How is this form of diabetes different?
Increasingly, we recognise diabetes as a condition with many forms, driven by different biological pathways. However, we most often apply this complexity to type 2 diabetes, while we still describe type 1 diabetes as a single, uniform condition.
The YODA findings challenge that view. Researchers identified two distinct groups among young people treated for type 1 diabetes in sub-Saharan Africa. One group showed the expected autoimmune and genetic markers of classic type 1 diabetes. The other — the larger group — was insulin-deficient but lacked both autoimmune markers and the genetic risk profiles typically associated with type 1 diabetes.
Importantly, this second group also did not show features of type 2 diabetes. They were not living with obesity, did not have high levels of naturally produced insulin, and did not carry a high genetic risk for type 2 diabetes.
Taken together, the evidence points to a distinct subtype of diabetes — one that sits outside current classification systems and raises important questions about diabetes diagnoses and treatment around the world.
Why global evidence does not always translate
Most diagnostic criteria for type 1 diabetes are based on studies in people of white European ancestry. These criteria assume that autoimmunity is the defining feature of the condition. In African settings, this assumption can be misleading.

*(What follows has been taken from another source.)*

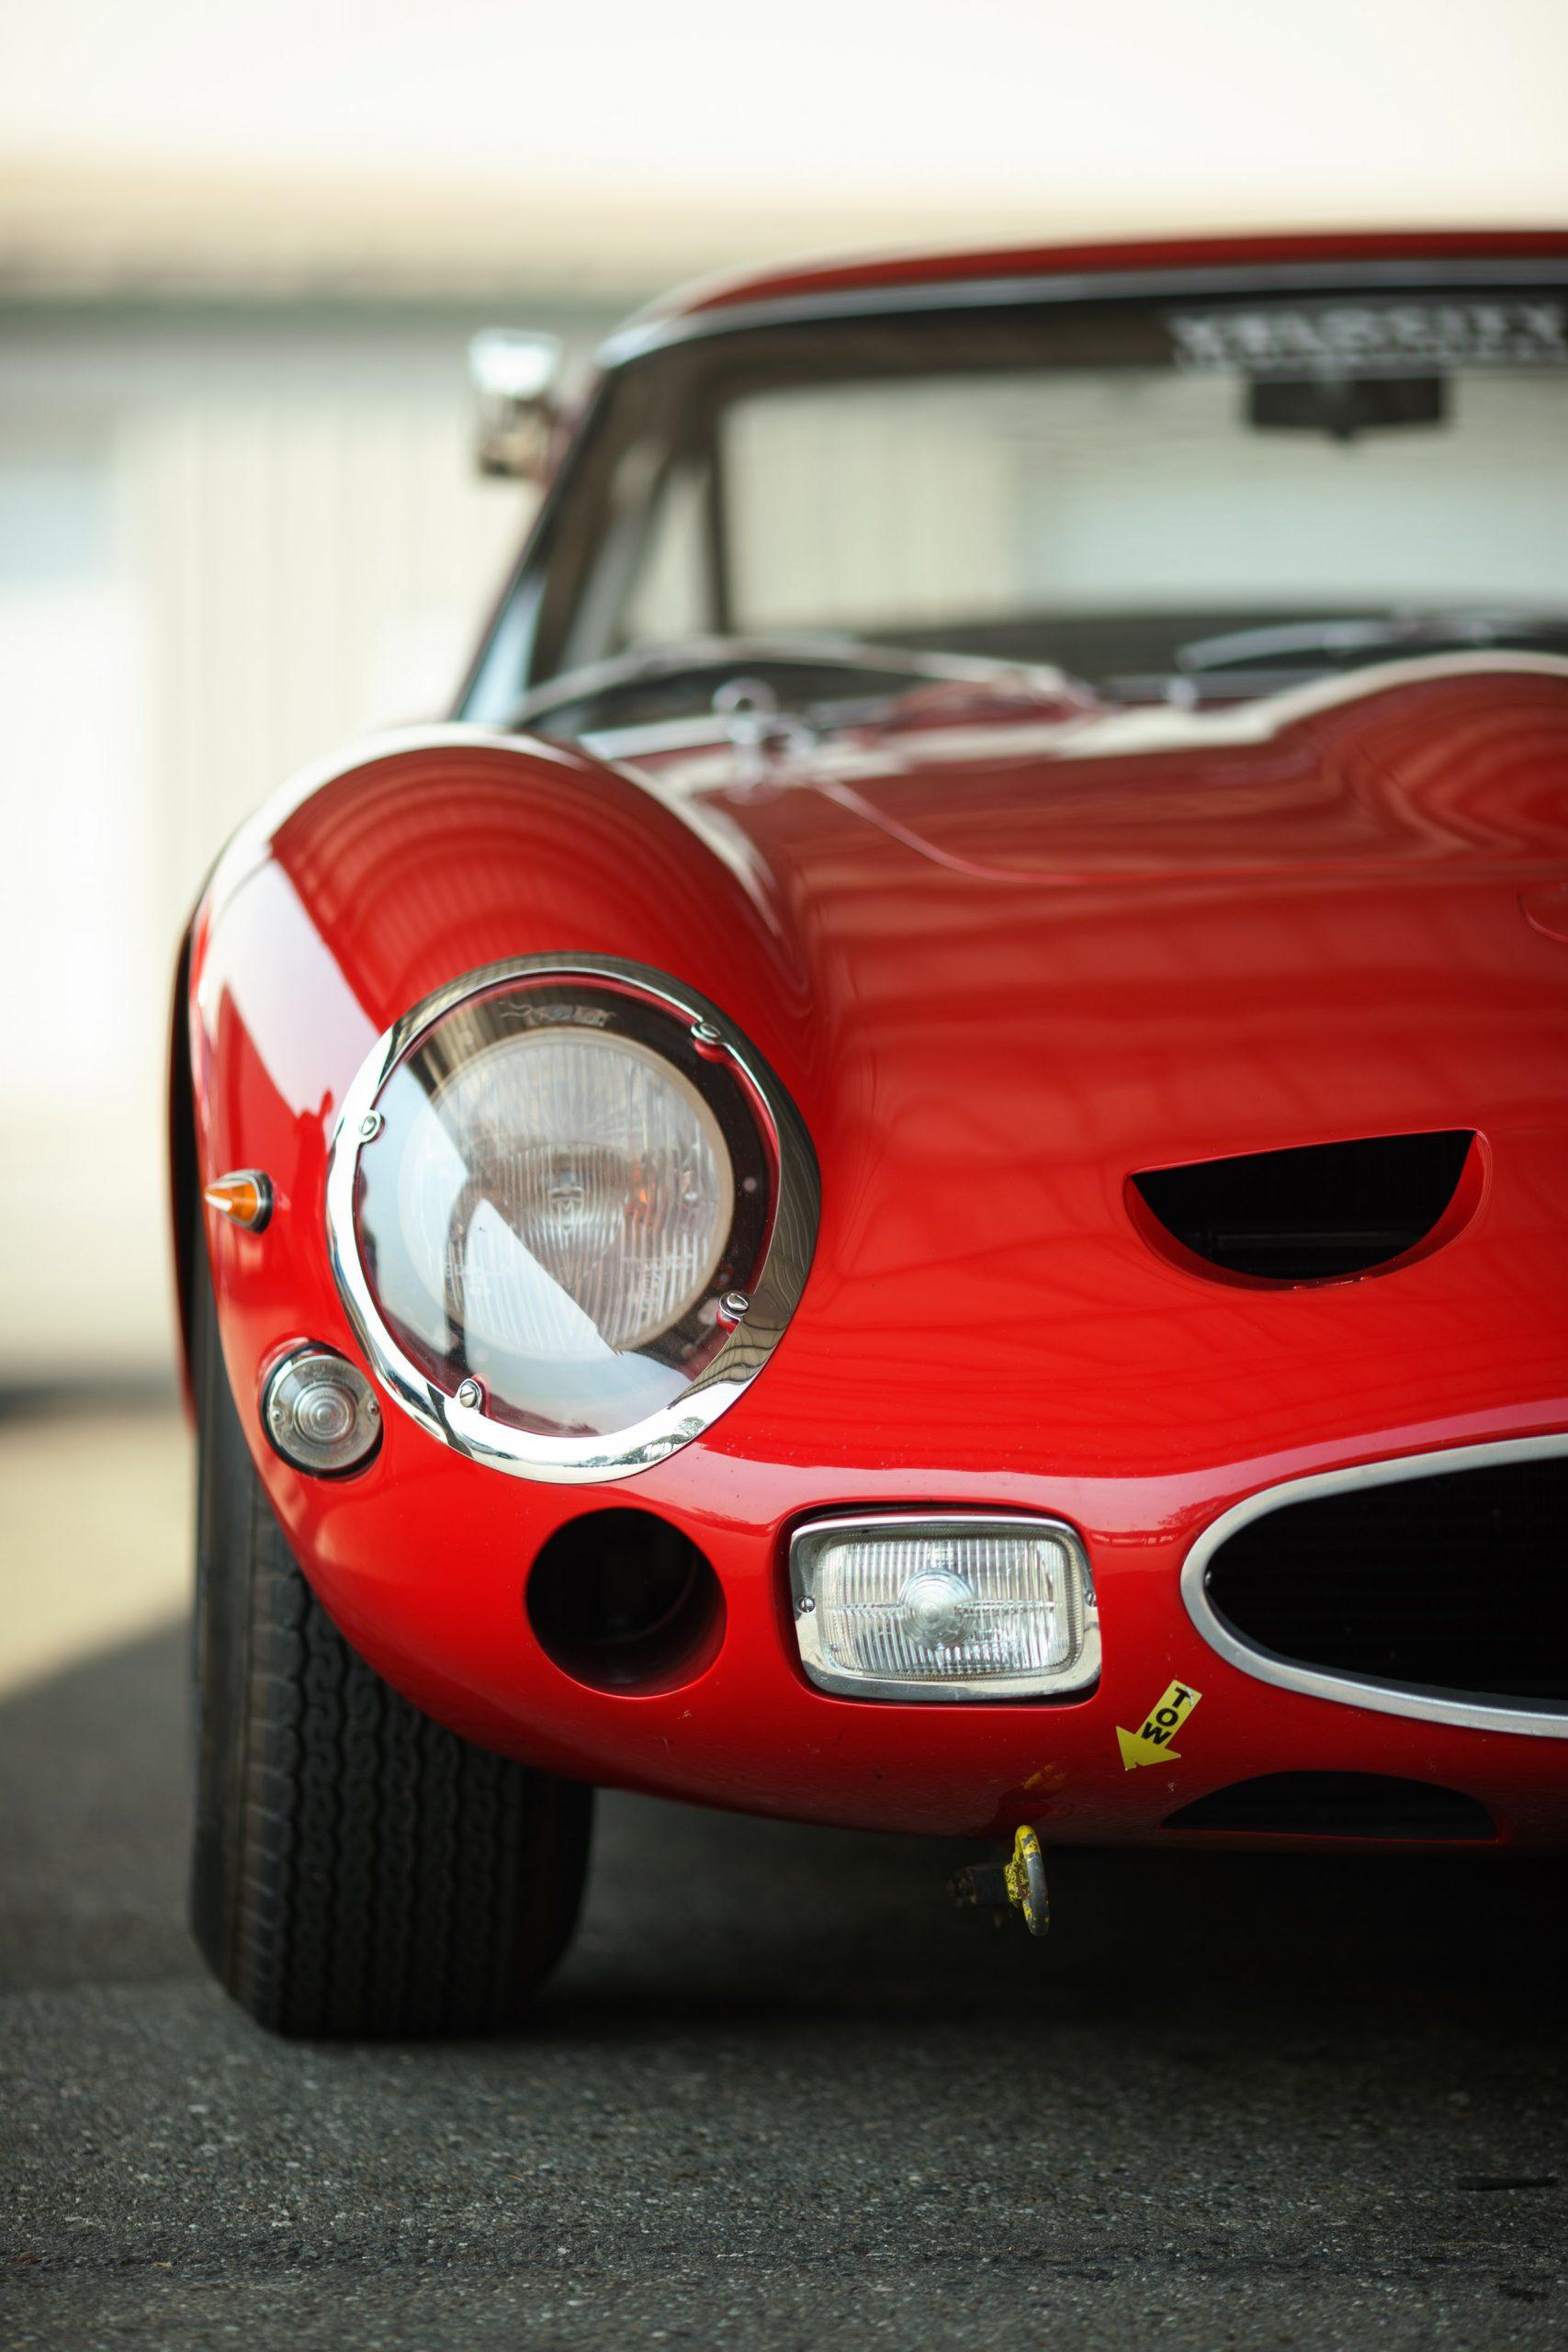 Thunderhill Ferrari front half split

As the YODA research emphasises, the knowledge about diabetes rests on what is “transposed” from European and North American populations, without sufficient validation in other contexts. This matters because genetics, early-life nutrition, exposure to infections and environmental factors vary widely across regions. All of these can influence how diseases and conditions develop.
That complexity, Katte argues, exposes a broader problem in how diabetes is understood and classified globally. Much of today’s clinical guidance, he notes, is rooted in evidence from Europe: “Most of what we know about diabetes was translated from studies conducted in European populations, but we know this is not always correct for African settings. Applying the same diagnostic frameworks everywhere risks misclassification and inequity in care.”
When diagnostic tools do not reflect this diversity, people are more likely to be given the wrong diagnosis. For people living with diabetes, a misdiagnosis is not an abstract issue. It can shape access to insulin, glucose monitoring technologies, education and long-term support.